The pieces were just starting to fall together for me. If I had had a couple more nights and one more vigilante kill I could have screwed things up for the traitors.
But yeah, it wasn't your fault we got crushed FWD. It was the fact that the traitors were more experienced than us. Though the bomb did seem imbalanced, could you share the mechanics of it?
You could die night one, and lose your chance to use it at all.
Three out of five players (four Engineers and the Toxins Researcher) were required to activate it, and two of those five were traitors. There were five targeted kills, plus three RNG kills that no one knew about.
I guess I assumed that since the traitors would never be able to activate it by themselves it would work out okay, but that was obviously not the case.
By the way, were the prison guys a mason network?
I'm usually a low-laying player until day 3 or so when I make a long and glaring accusation. I got so tied up in the EPA on day 4 I didn't even get a chance to vote and thereafter my attention was devoted to convincing another engineer that my EPA bomb list was solid.
After the toxins researcher died it was impossible for the bomb itself to be good for the innocents.

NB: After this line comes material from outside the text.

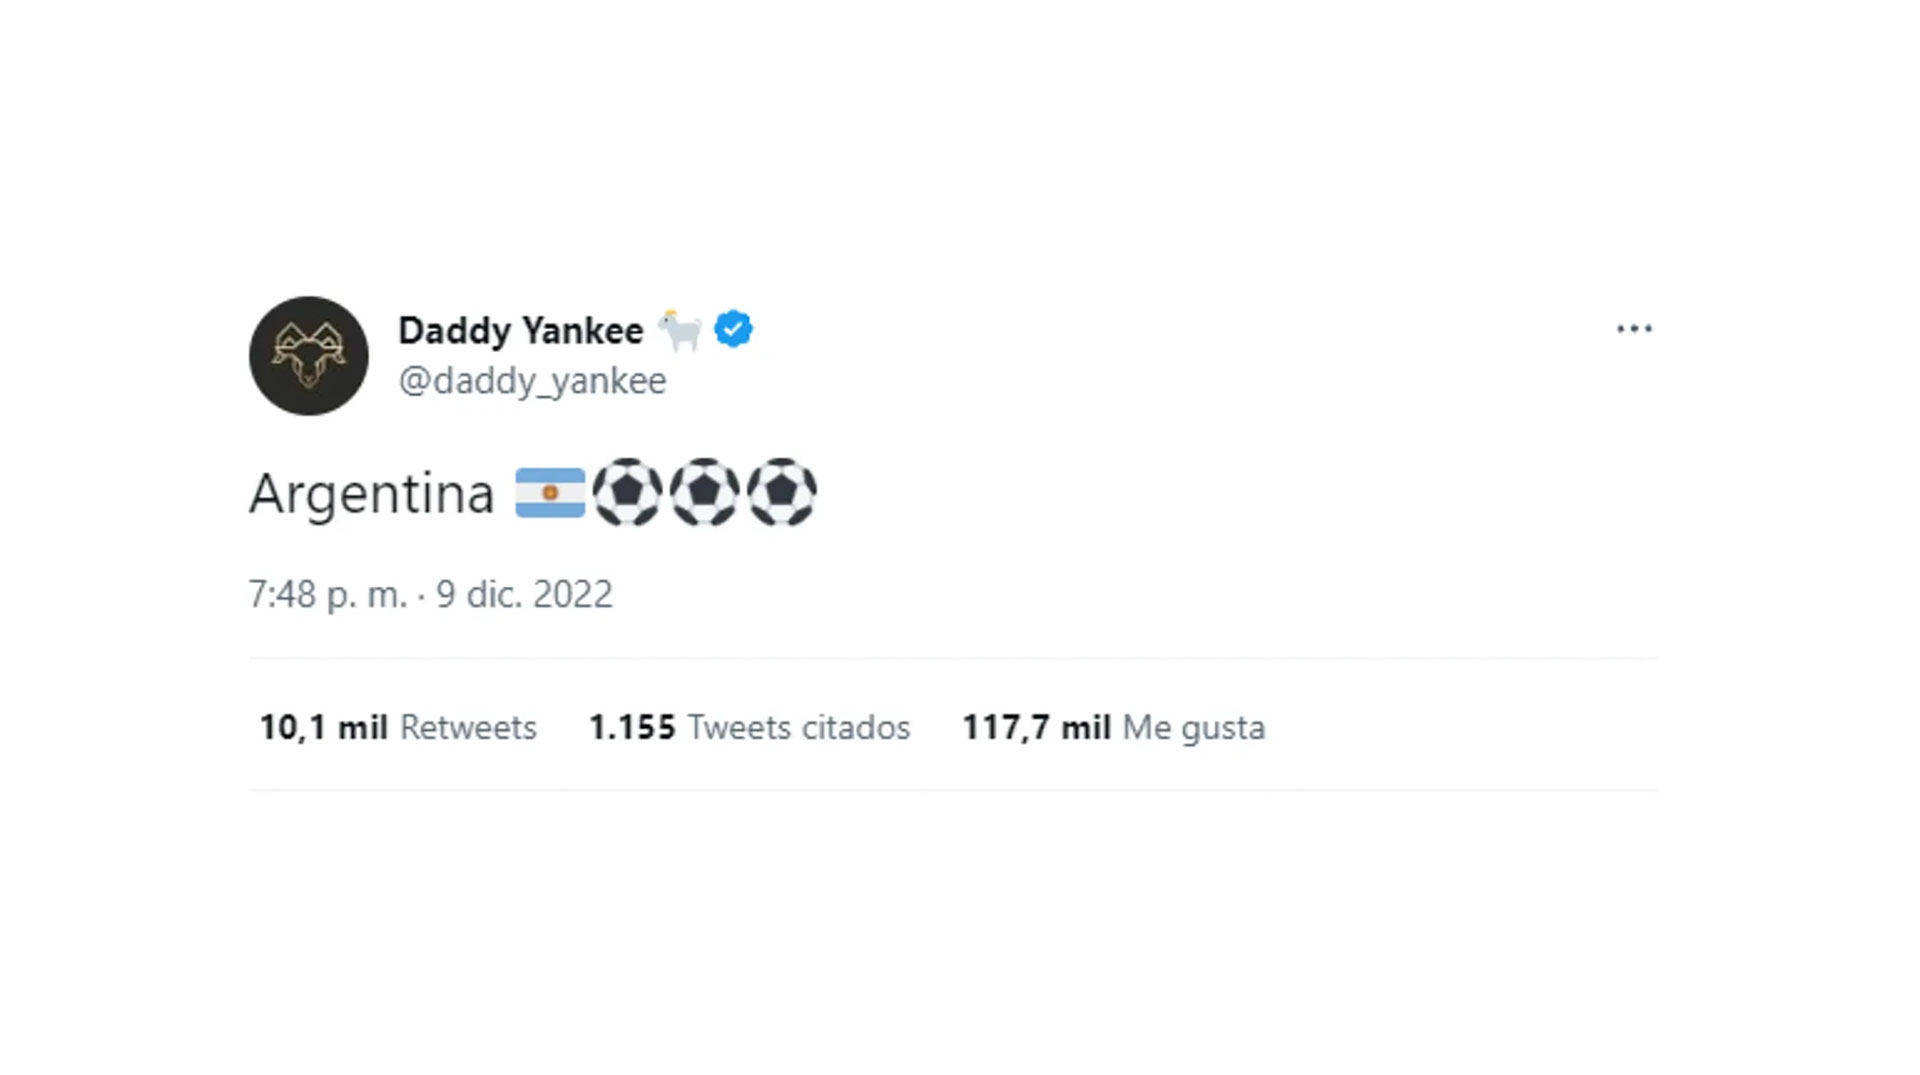 Tras alentar a la selección, Daddy Yankee decidió escribir en Twitter la palabra “Argentina” para que no quedaran dudas

To send a list through it would have to go through either robothero or myself. DA was pretty much dead accurate when he said it was too easy for traitors to influence the list.
That was the intent. The suicide pact thing was to prevent them from going public to form a network, which is a typical move for masons.
I was sure that there was one traitor among the EPA people I just wasn't expecting two of them to be bad guys (and to be the two names that the honest EPAers never revealed)
There really should have been only one traitorous engineer. I should have made one of the Forensics Officers a traitor instead.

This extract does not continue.